The psychological symptoms of PMDD include:

  • a sense of loss of control or overwhelmed
  • panic attacks
  • mood swings, like feeling suddenly tearful or experiencing an increased level of emotional sensitivity
  • anxiety or depression, feeling hopeless or guilty
  • loss of interest in activities, such as spending time with friends, working, or hobbies
  • inability to concentrate or focus

When you see a healthcare professional to discuss these symptoms, they’ll evaluate you to see if five of these symptoms are present in the days before your period and if they improve with the start of menstruation.

Also, they’ll want to know if the symptoms stopped altogether the week after your period. This cycle indicates you may be experiencing PMDD symptoms.

If you think you may have PMDD, consider tracking your symptoms using a symptom tracker app, printout, or a journal. Tracking will help ensure you receive an accurate diagnosis and treatment plan to fit your needs.

Many women with PMDD often go undiagnosed or misdiagnosed. It’s easy for some healthcare professionals to chalk it up as a hormonal imbalance or even diagnose someone with bipolar disorder.

A precise diagnosis is crucial to your recovery. If you’re not satisfied with your initial evaluation, consider getting a second opinion.

There’s not much known about the causes of PMDD. Still, some possible contributing factors include:

  • Hormonal sensitivity: Hormone changes during the menstrual cycle may lead to PMDD. For example, your serotonin level fluctuates during your menstrual cycle and women with PMDD may be more sensitive to it. Another hormone found in progesterone — allopregnalone (ALLO) — designed to calm the mind can have a contradicting effect in PMDD and lead to anxiety, agitation, and other negative mood changes.
  • Genetics: PMDD may be an inherited disorder from parents and grandparents who also had PMDD. According to the DSM-5, there’s an estimated heritability range of 30% to 80%, meaning that about 30% to 80% of PMDD cases may be attributed to genetics.
  • Family history of mental health conditions: If you have a family history of depression or anxiety, this can also lead to PMDD.
  • Cigarette smoking: A review found that smoking can increase a person’s chances for PMS or PMDD.
  • Stress or trauma: High levels of stress or a history of traumatic life event can be a factor in developing PMDD.

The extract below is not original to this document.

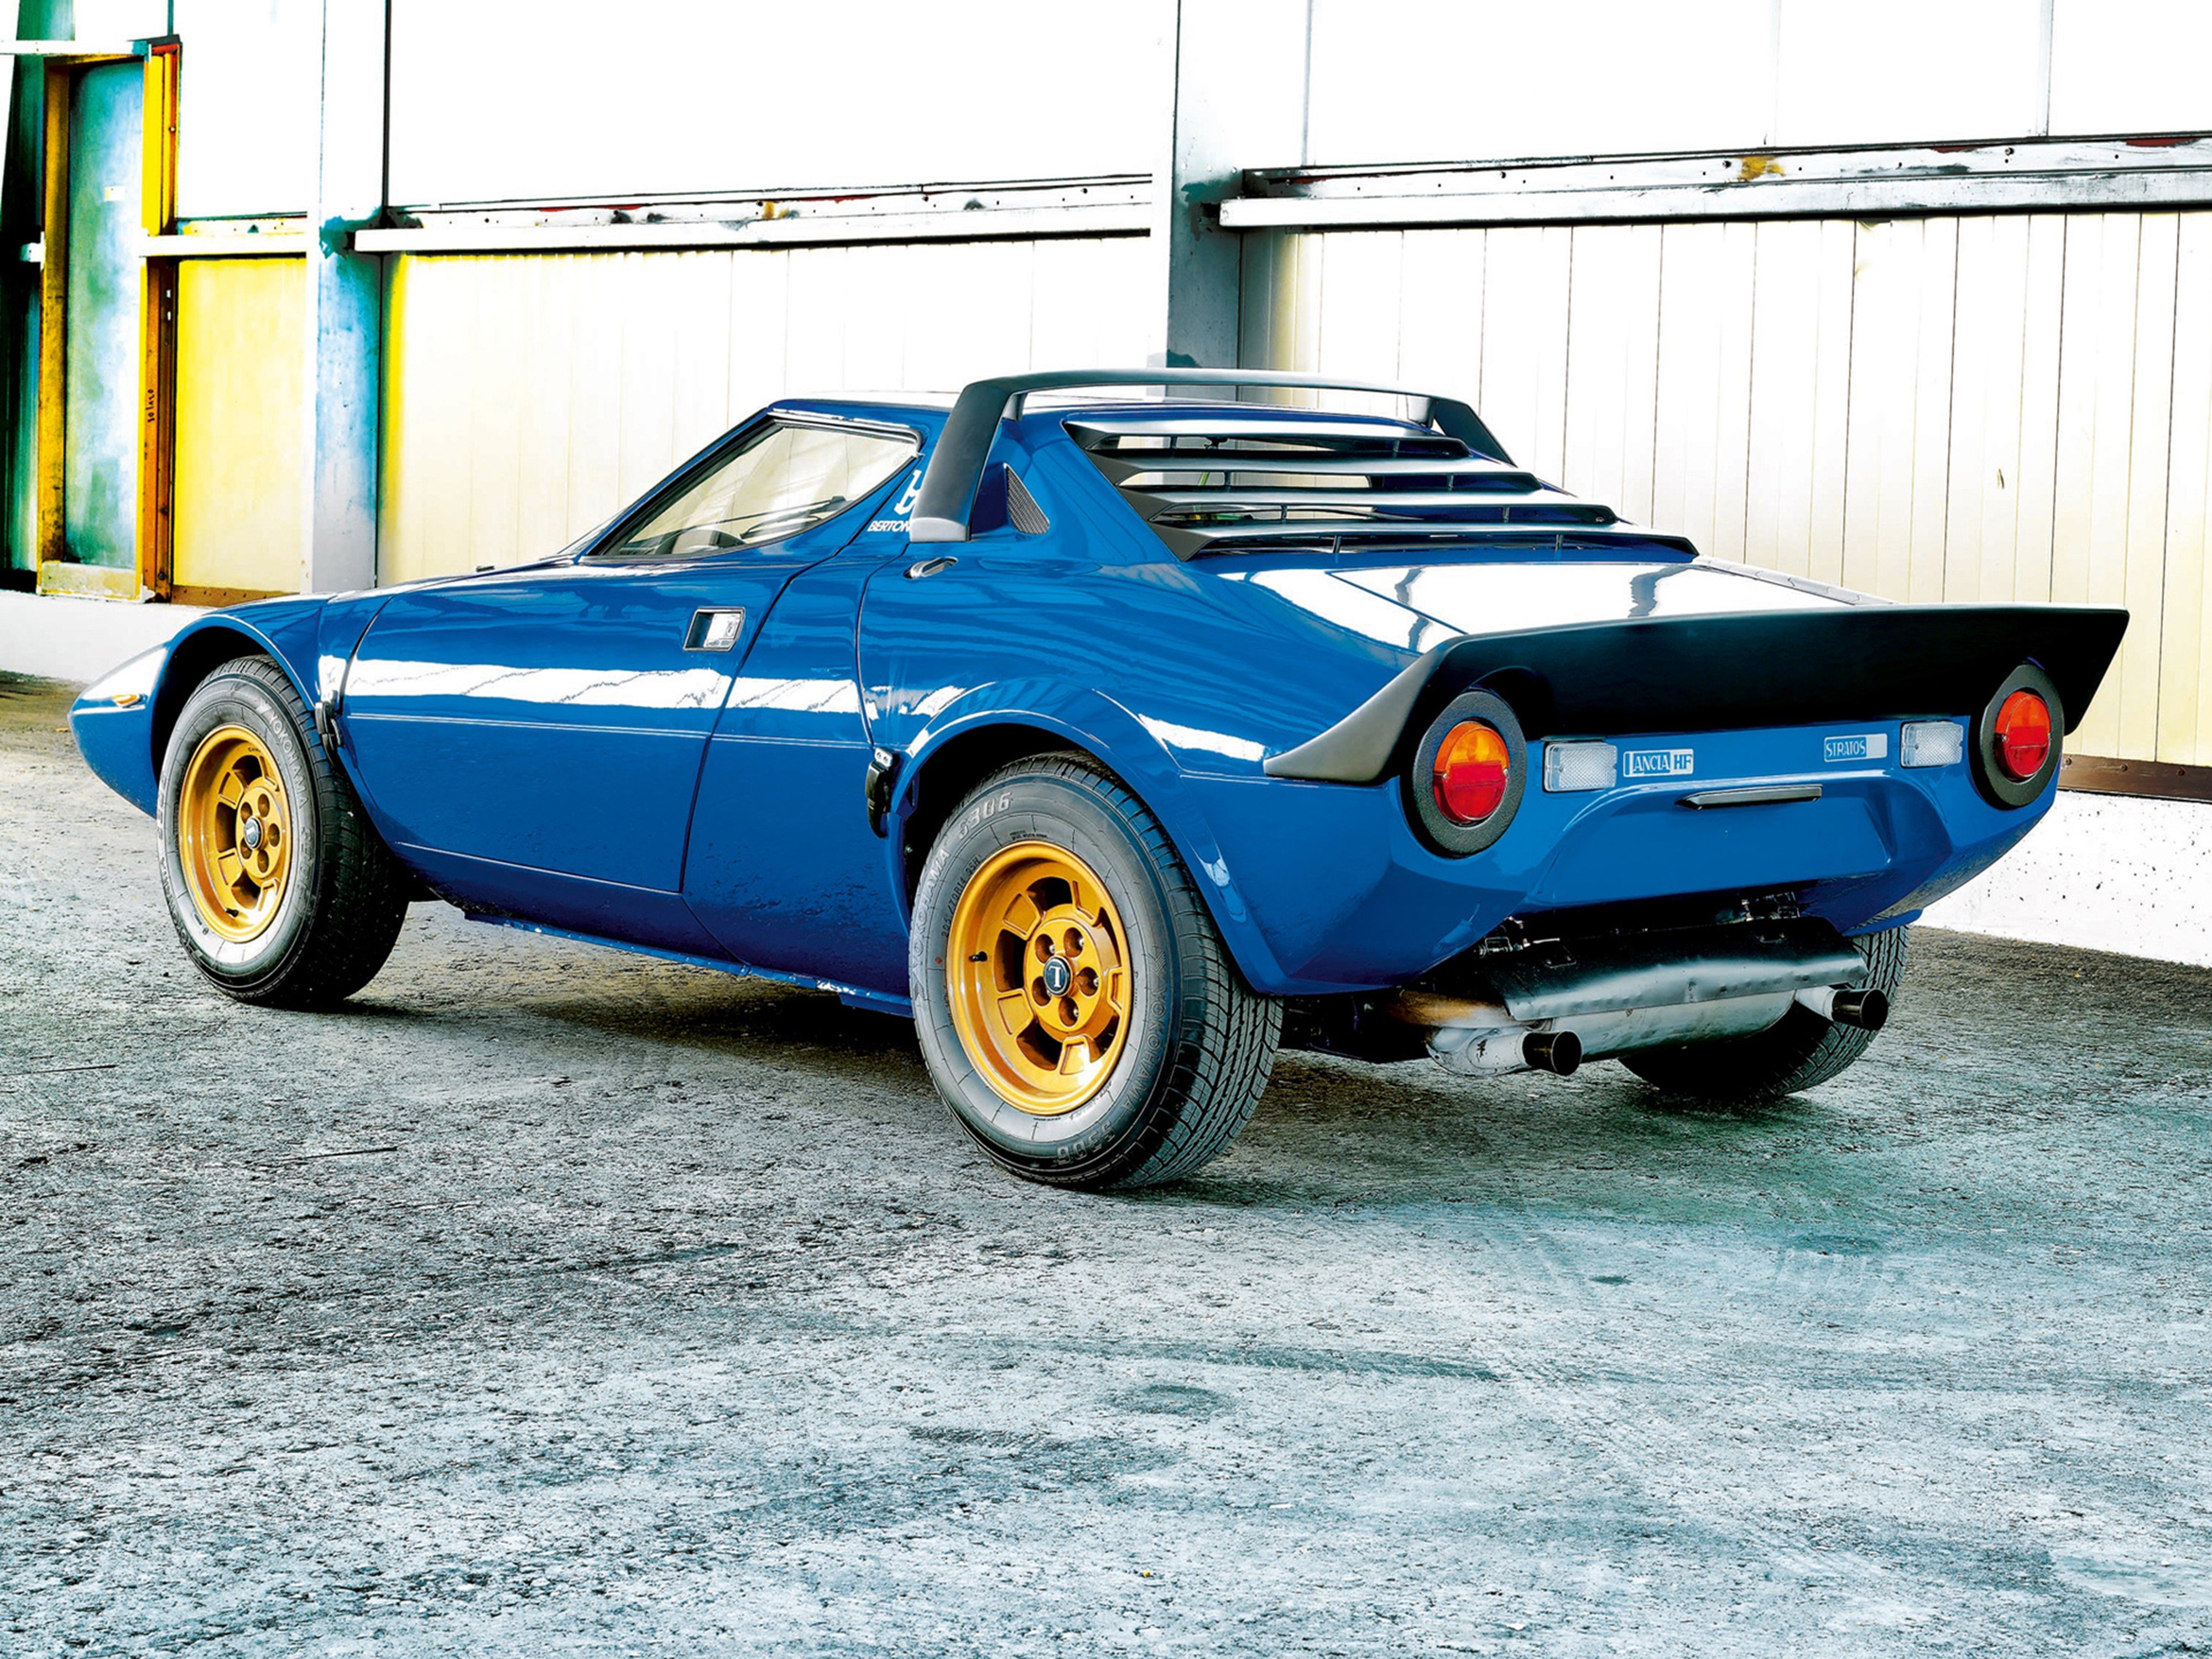 1973, Lancia, Stratos hf, Car, Italy, Sport, Supercar, 4000x3000 Wallpaper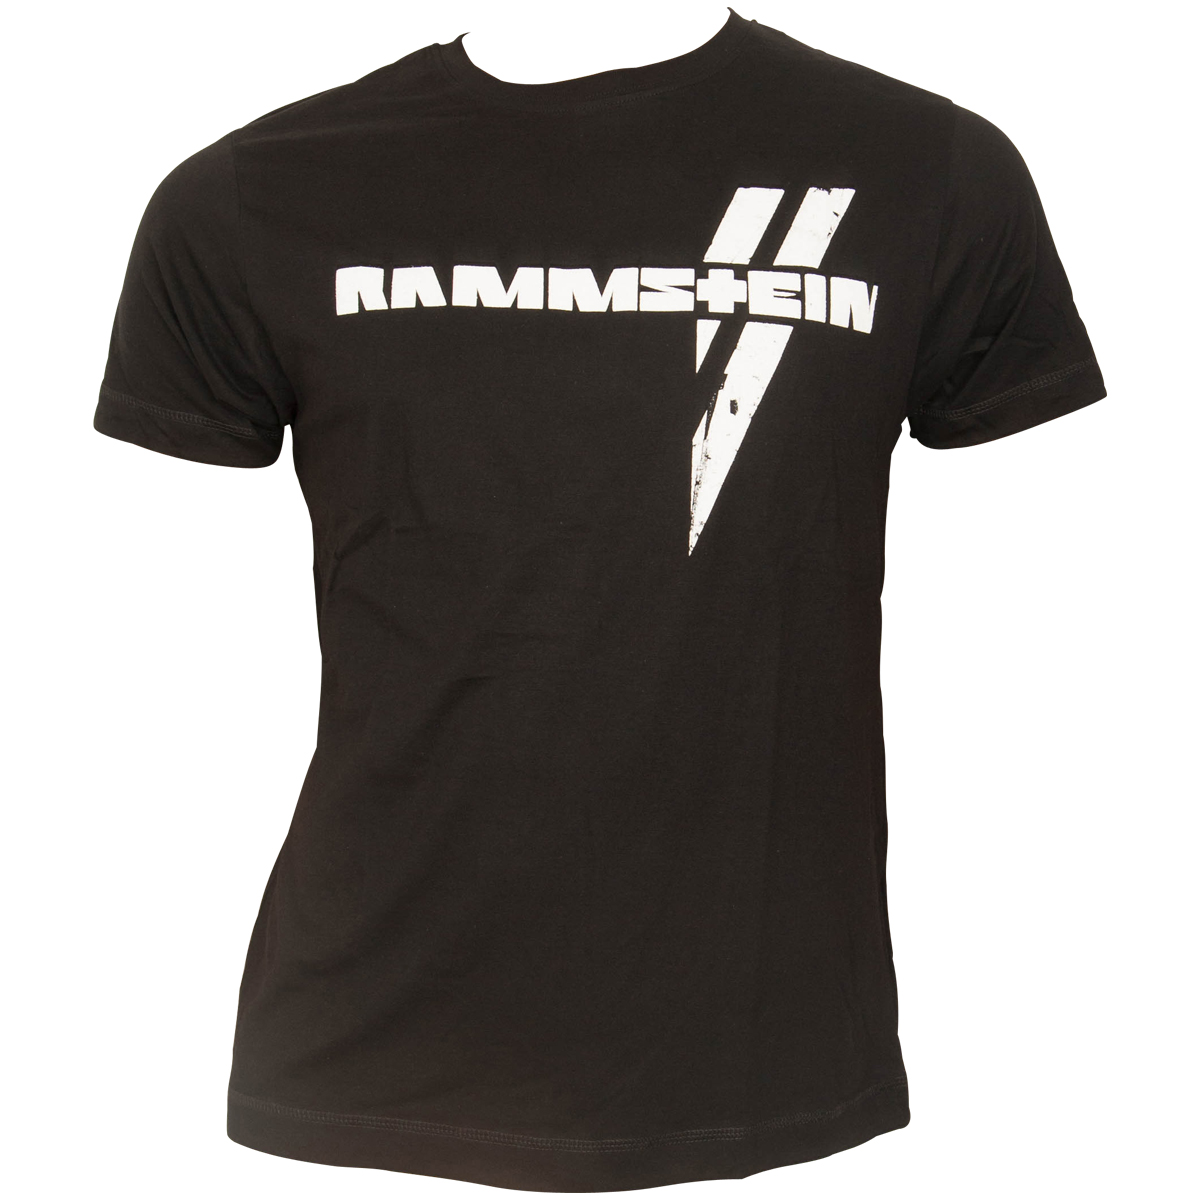 Rammstein - T-Shirt Weißer Balken - schwarz

When trying to determine whether you should seek help, consider these questions:

  • Are my period symptoms more than just cramping, bleeding, and bloating?
  • Does my period and days leading up to my period affect my quality of life and the lives of those around me?
  • Do I have PMDD or could it be something else?

If you answer “yes” to any of these questions, consider discussing your concerns with a healthcare professional.

Try to listen to your body and what it’s trying to tell you. If you’re living with this condition, talking with a trusted family doctor or gynecologist may be your first step to finding help and relief from your symptoms.

PMDD can lead to changes in behavior, severe discomfort, and suicidal ideation. However, you’re not alone, and there are treatment options available that range from medication and stress management to group or individual therapy.

PMDD is treatable, and with the right help and support, you can learn to manage your symptoms.